Monsieur le Ministre, Madame la Ministre
Vous avez été destinataires en début de semaine d'un communiqué de la FCPE vous transmettant avec vigueur le désarroi de millions de parents et d'élèves face au flou persistant et à l'indécision qui règnent à l'heure actuelle au sein de l'Education nationale.
Hier, une lettre signée de l’interfédérale et de la FCPE vous interpelait également sur votre vision de l’enseignement à distance et vos projets concernant les congés de printemps.
Le SNCL ne peut qu'appuyer ces appels et demande lui aussi à ce que cesse d'être entretenu le mythe d'une continuité pédagogique, qui voudrait faire croire qu'une classe virtuelle peut remplacer un enseignement en présence. La situation est urgente et le temps est à l'action. Des décisions importantes sont nécessaires dès à présent à tous les niveaux de notre système éducatif. Rester dans le déni de cette urgence ne pourrait qu'aggraver encore la situation.
Le SNCL demande à ce qu'une ordonnance complémentaire à celle du 27 mars soit prise et publiée afin d'établir dès à présent les modalités pratiques retenues pour la passation des épreuves d'examens et concours initialement prévues en mai et juin prochains, ceci autant pour le Baccalauréat que pour les C.A.P et les BTS. Le SNCL demande également à ce que toutes les écoles supérieures et les universités de France soient destinataires d'une communication officielle de vos ministères visant à harmoniser les pratiques retenues comme alternatives aux passations des examens universitaires, des concours d'accès aux grandes écoles et de l'ensemble des concours de recrutement de l'Education nationale et de l'Enseignement supérieur. Lycéens, étudiants, personnels contractuels, candidats libres à des concours internes ou externes, tous ont le droit de savoir ce à quoi ils doivent se préparer dès à présent.
En ce qui concerne le télétravail actuel des enseignants, nous vous demandons de renoncer au discours peut-être rassurant mais biaisé qui laisse croire aux élèves et à leurs familles que l'enseignement est dispensé avec la même efficacité mais sous une autre forme. Il vous revient au contraire d’admettre, et ceci malgré l'engagement formidable de tous les enseignants dès le premier jour du confinement, que du temps d'apprentissage est inévitablement perdu chaque semaine qui passe pour des millions d'élèves, en particulier pour les plus fragilisés dans leurs apprentissages ou pour les près d'un million qui souffrent de la fracture numérique et ne disposent d'aucun moyen technique permettant un quelconque suivi à distance. Il revient à vos ministères de s'engager dès maintenant à ce que, une fois la crise passée, des mesures proportionnées et raisonnées soient prises pour compenser ces pertes d'apprentissage pour tous, sans chercher à faire des économies sur le dos du savoir dû à chacune et chacun. Cet engagement devra se traduire par un effort financier à la hauteur de cet enjeu.

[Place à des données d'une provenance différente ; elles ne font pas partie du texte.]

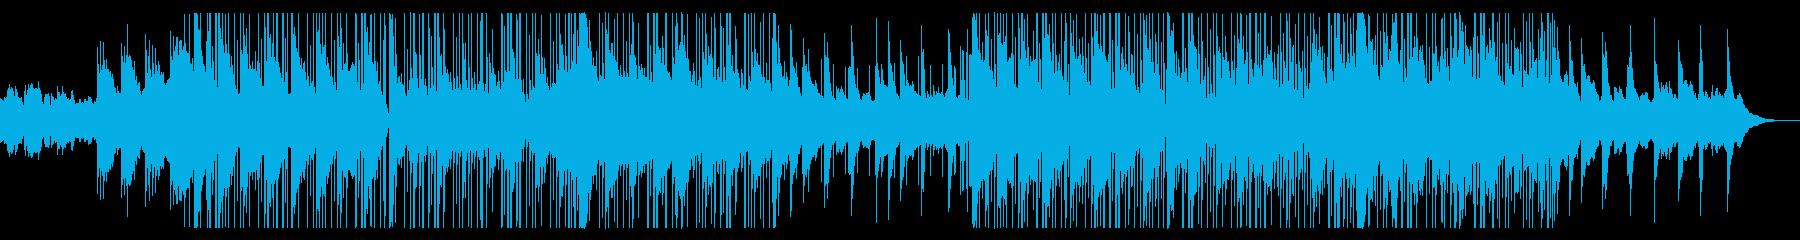 春らしいBGMです。の再生済みの波形
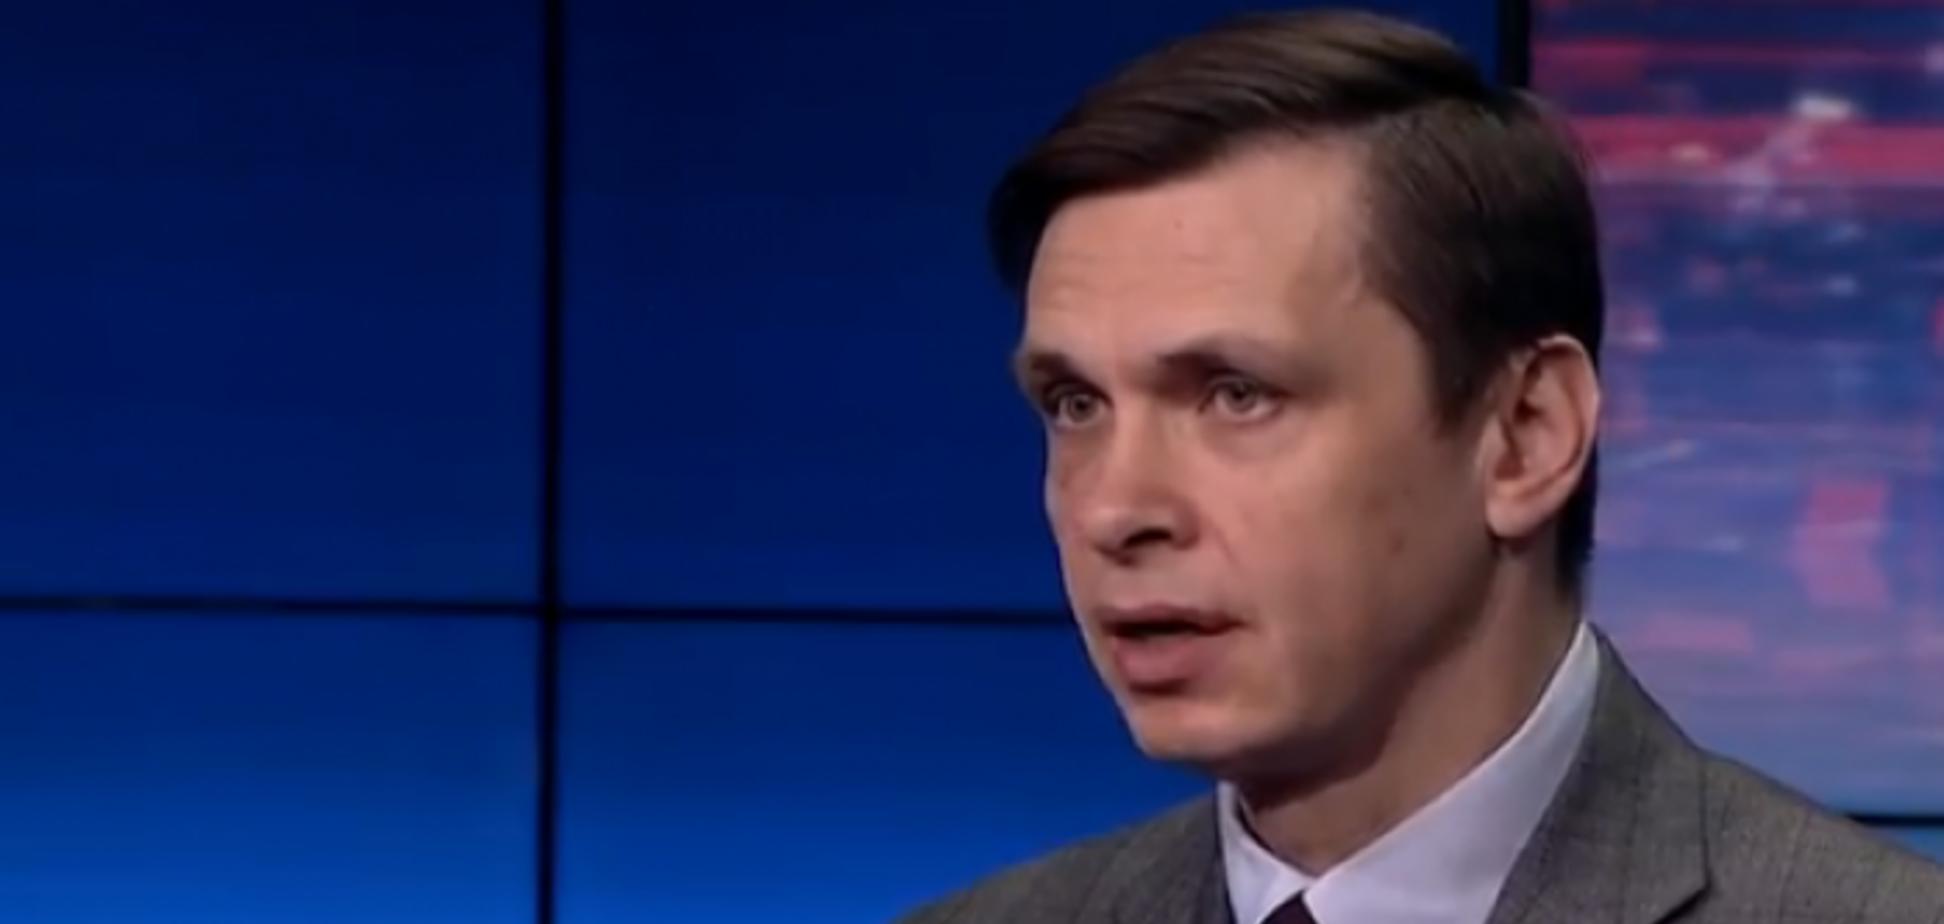 Оточення Зеленського нав'язує Україні російський сценарій: в 'ЄС' забили на сполох

Nous demandons également un positionnement ministériel officiel concernant l'usage d'applications de communication diverses utilisées actuellement dans l'urgence par les enseignants pour maintenir à tout prix le lien pédagogique. L’alerte émanant de la CNIL à propos de certaines de ces applications contrevenant aux règles du RGPD est un signal grave qui met en lumière le danger encouru par les collègues qui exposent actuellement sans le savoir leurs données personnelles en ligne dans l'intérêt de leur travail et de leurs élèves. Des positionnements rectoraux radicalement opposés d’une académie à l’autre, à l’heure actuelle, ne font qu’ajouter un peu plus de confusion à ce niveau.
Nous espérons enfin que cette crise aura su mettre en lumière les lacunes et l'impréparation numériques de l'Education nationale que nous dénonçons depuis si longtemps sans jamais trouver d'oreille attentive. A l'heure d’un essor technologique sans précédent au sein des enseignements, comment pouvons-nous encore compter seulement sur le matériel personnel des enseignants qui utilisent à leurs frais leur ordinateur, leur imprimante, leur téléphone pour tenir debout un système éducatif qui ne s'est jamais donné les moyens de les équiper et de les former correctement ? C'est un plan massif de formation et d'investissement dans ce secteur qui devra faire suite à la crise du covid-19, sans lequel toutes les politiques publiques futures d'essor numérique au sein de nos écoles resteront dépourvues de sens.
En espérant que vous serez sensibles à ces urgences, veuillez recevoir, Monsieur et Madame les ministres, nos salutations les plus respectueuses.